Well, the party was still on, so I had to cook. I went back up to my room briefly to check on Sveta, and she gave me a smile and asked how my parents were taking it. I gave her a kiss on the forehead and said they were thrilled, couldn't wait to see her at dinner, but it was up to her whether anything was said about it ever again. She said that was okay. Then she got a bit of a sly look on her face and asked me, "Now that I know, does this mean I have to worry about you sneaking off late at night to get satisfied in ways I can't?"

I could tell she was joking, but only a little. I joked back, "My Dad wouldn't let me wake him up late at night." Then I kissed her, on the lips this time, and said, "Besides, you're all I need." A tiny little white lie, because I do love me some cock, but when Sveta's there, she is all I need.
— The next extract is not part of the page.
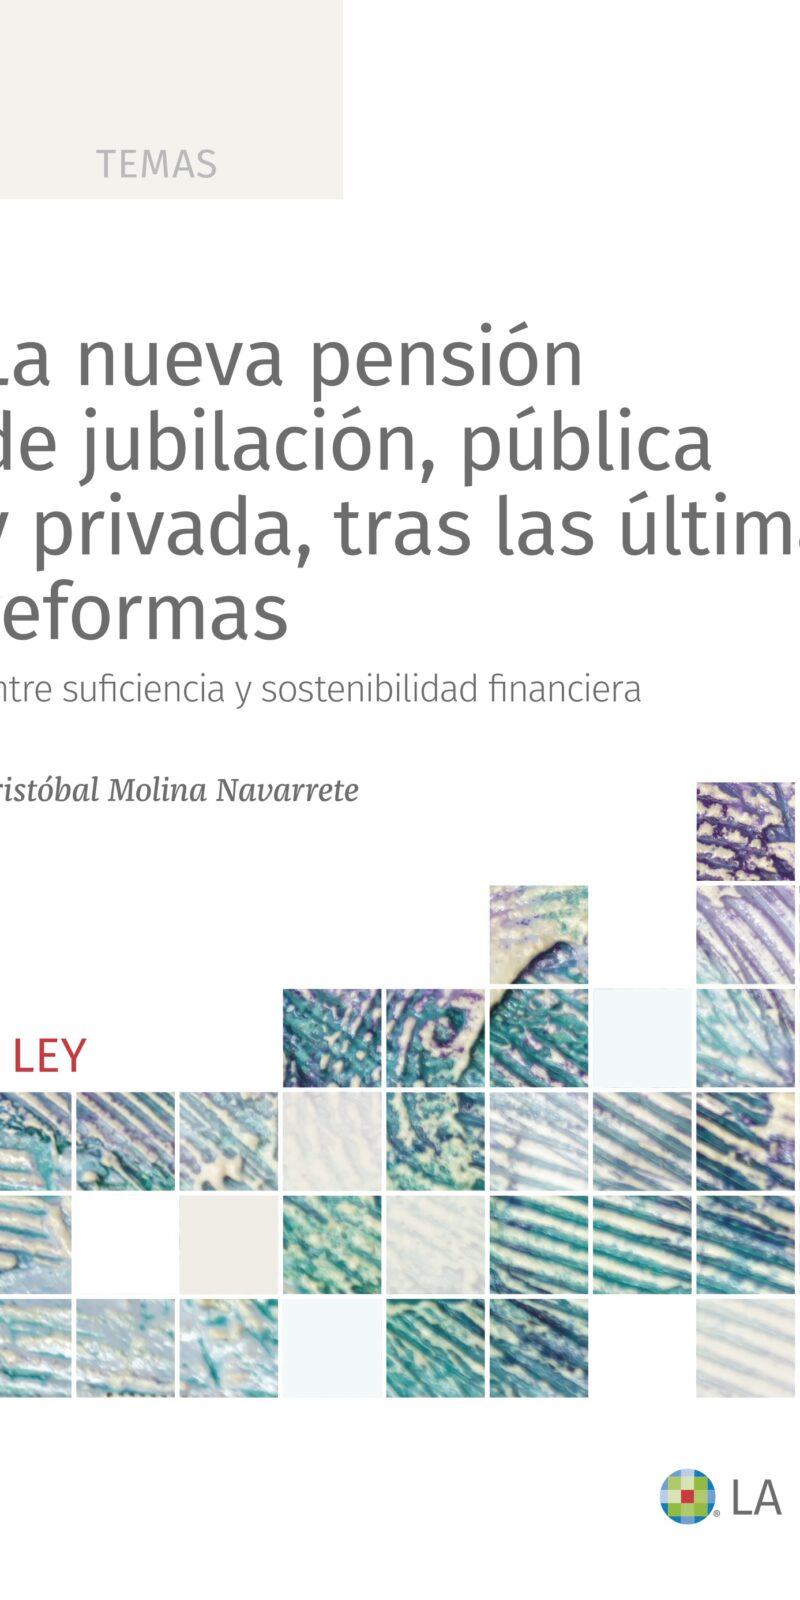 pública y privada, tras las últimas reformas Entre suficiencia sostenibilidad financiera

I don't sneak off and fuck my Dad when she's there, and I'm not going to start now. I think she appreciated the reassurance.

Okay, this post is getting long again, and I think it's time to break, since the cliff has been successfully scaled and what's left is just gravy. Tasty gravy, believe me, but it doesn't change the central situation. So I'm going to break off and then come back and talk about the birthday party a little later. Believe me, you'll get through the whole weekend, I just have to pace myself a little. I'm not going to skip over anything.